#### Aim of the exercise:
Leaving the pictures aside, write out the whole listing below exactly.

#### Source data:
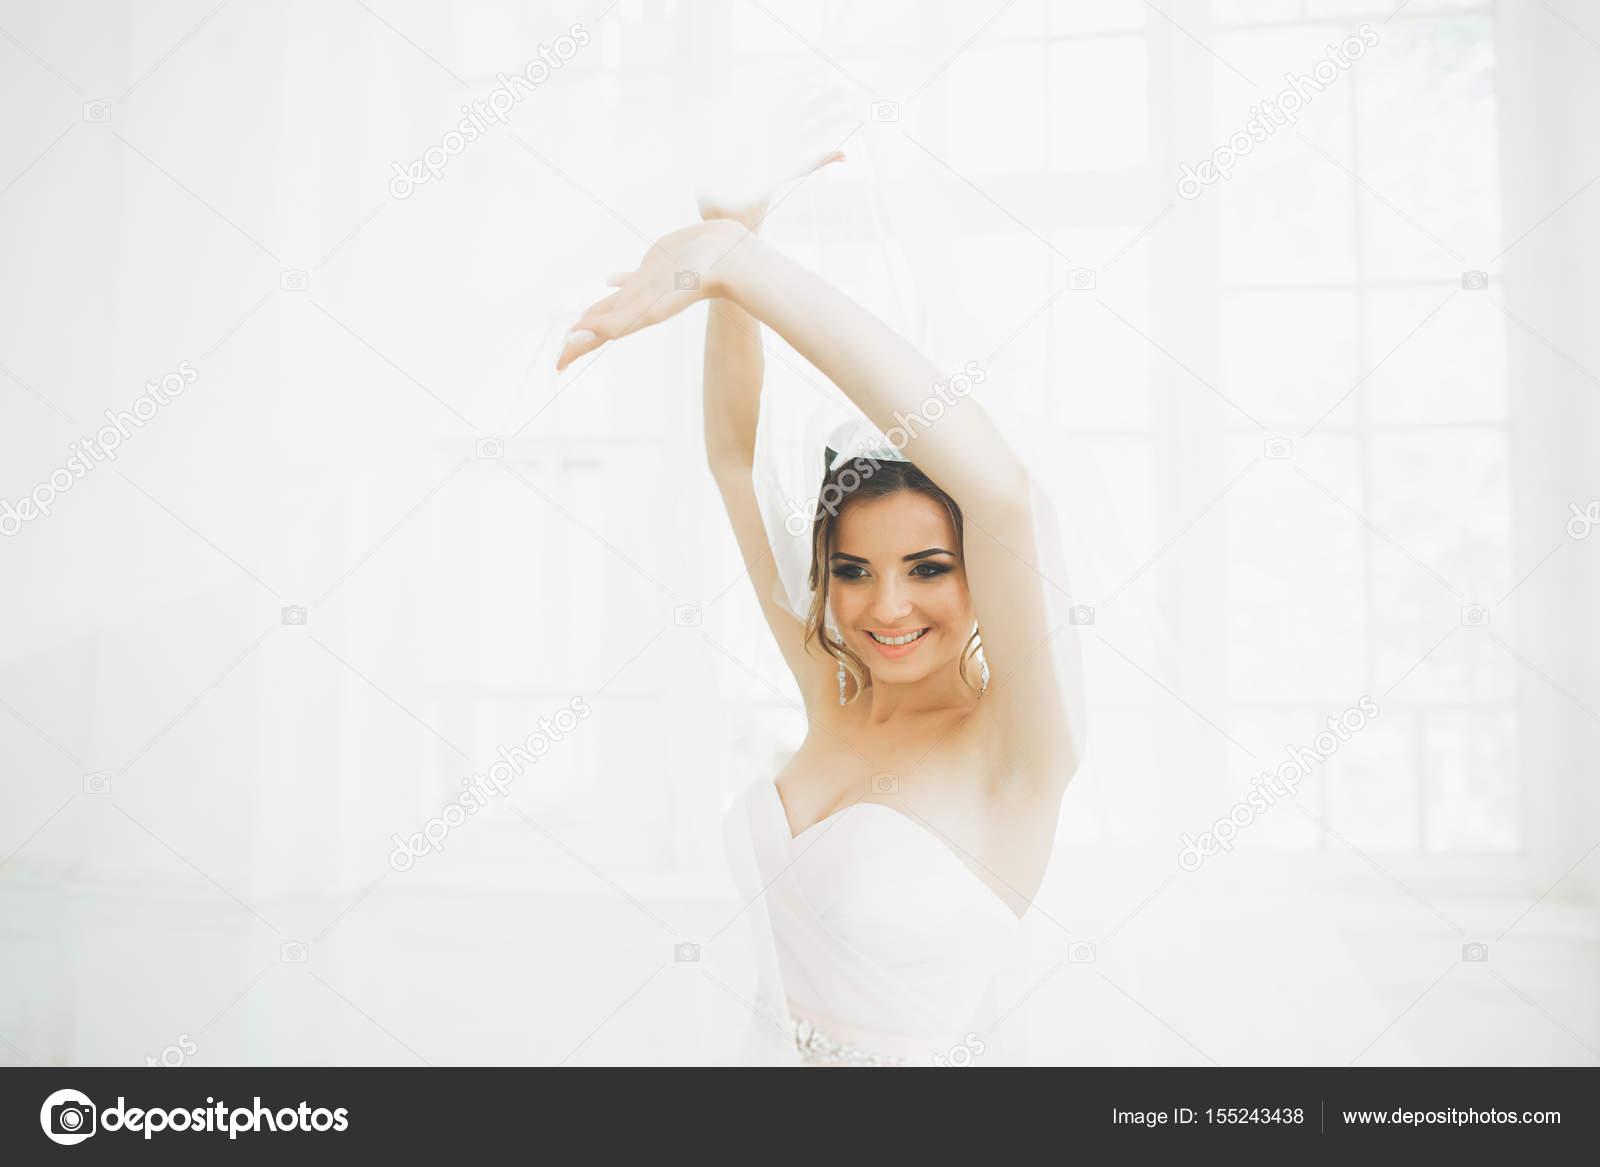 9f824fc51841 Vackra brud i brudklänning med lång hel kjol, vit bakgrund, dansar och ler —
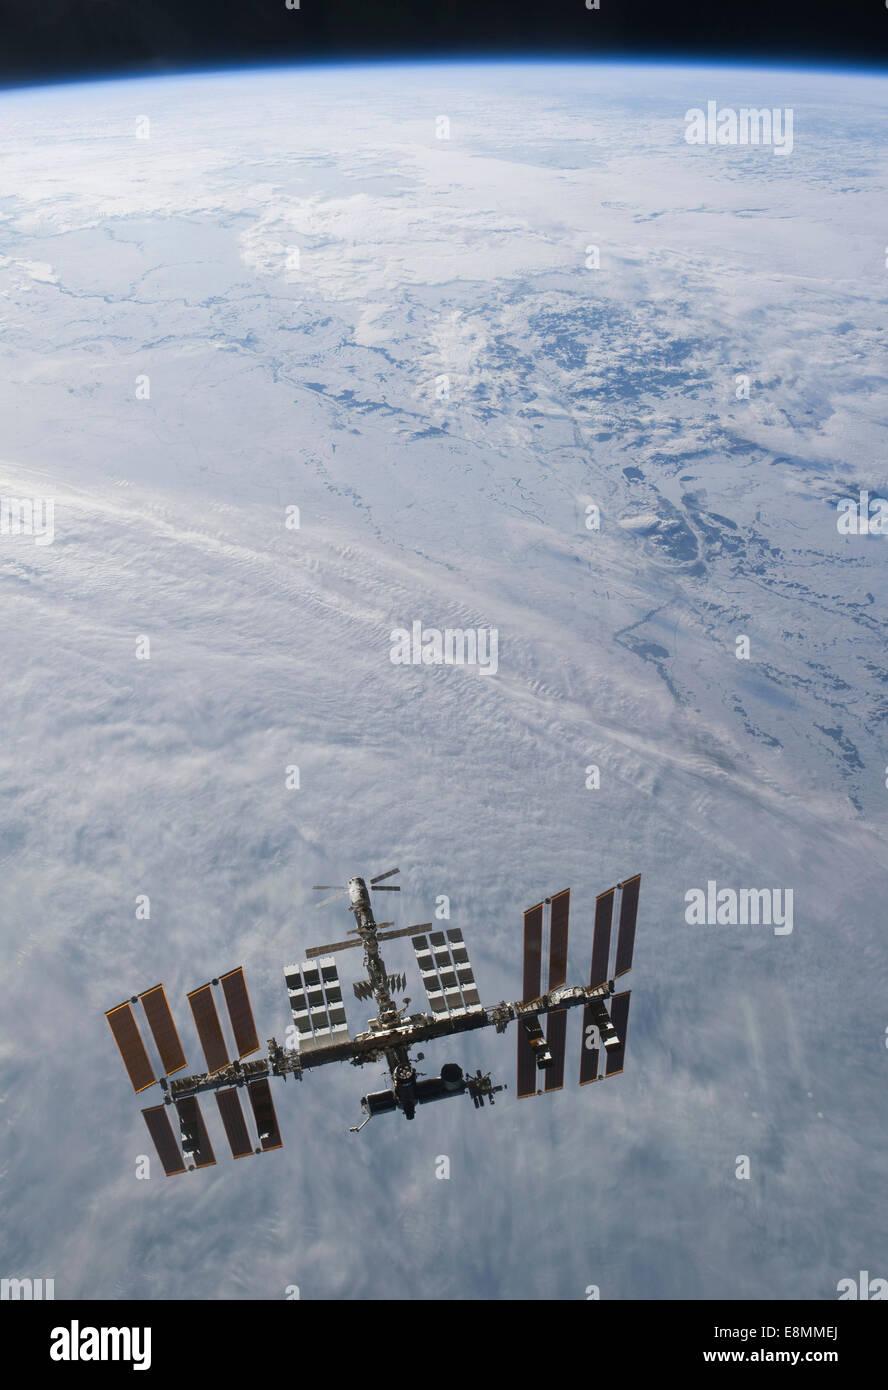 7 mars 2011 - La Station spatiale internationale backdropped contre nuages sur Terre. Photo Stock
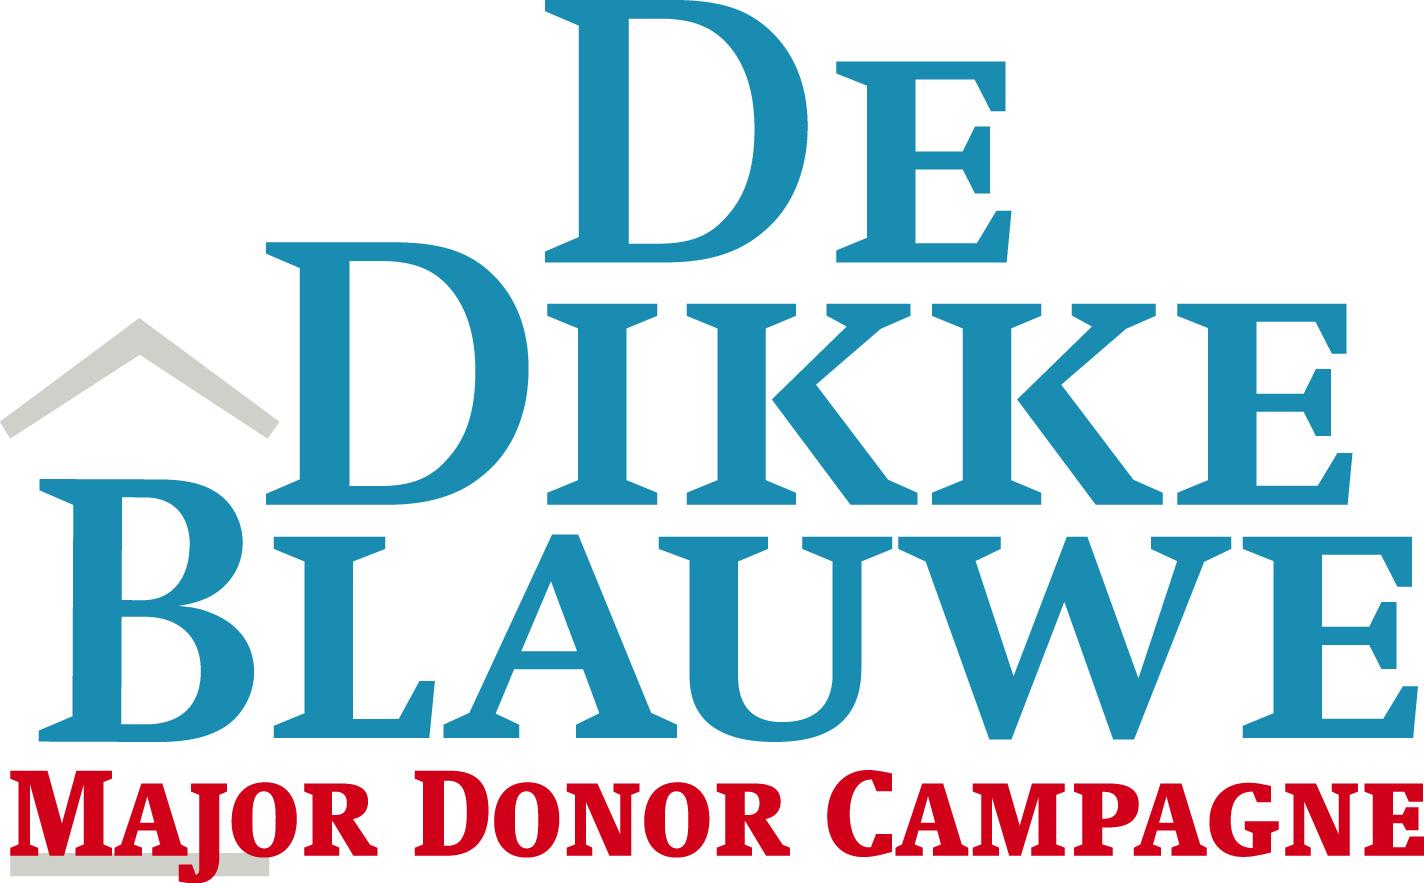 Hoe goed kent u uw major donors? (deel 1)
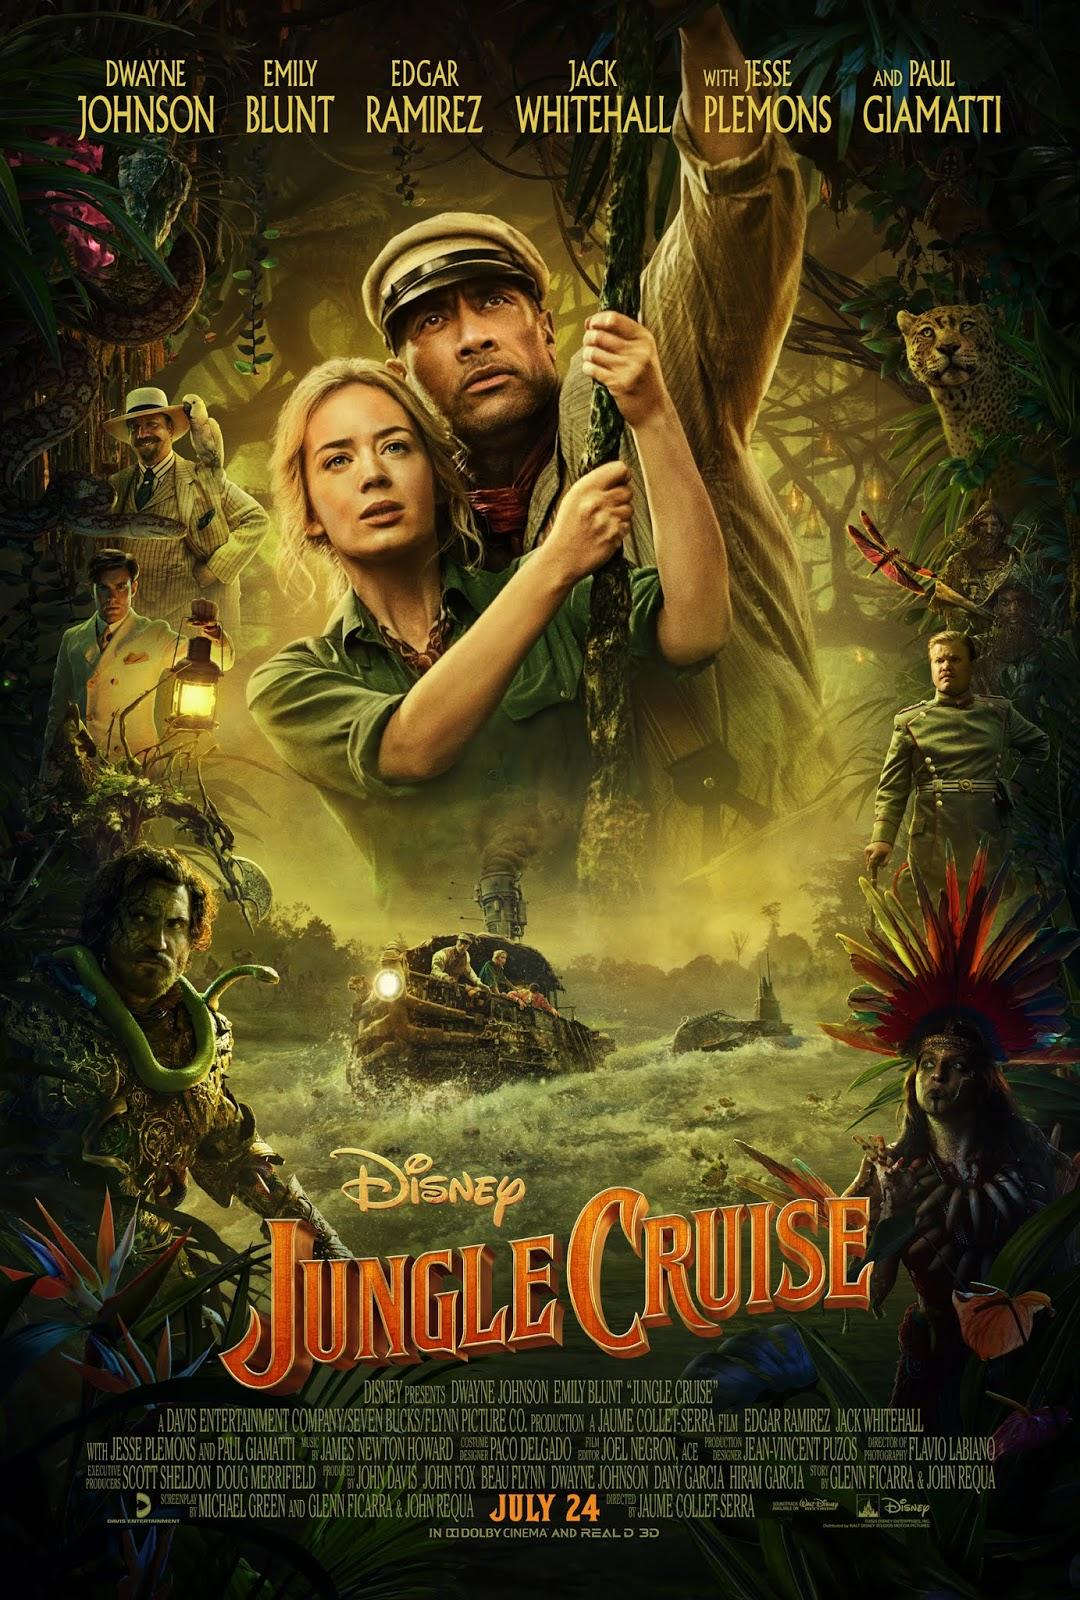 Xem Phim Jungle Cruise: Thám Hiểm Rừng Xanh - Jungle Cruise Full Vietsub | Thuyết Minh HD Online

#### Output of the task:
 9f824fc51841 Vackra brud i brudklänning med lång hel kjol, vit bakgrund, dansar och ler —
 7 mars 2011 - La Station spatiale internationale backdropped contre nuages sur Terre. Photo Stock
 Hoe goed kent u uw major donors? (deel 1)
 Xem Phim Jungle Cruise: Thám Hiểm Rừng Xanh - Jungle Cruise Full Vietsub | Thuyết Minh HD Online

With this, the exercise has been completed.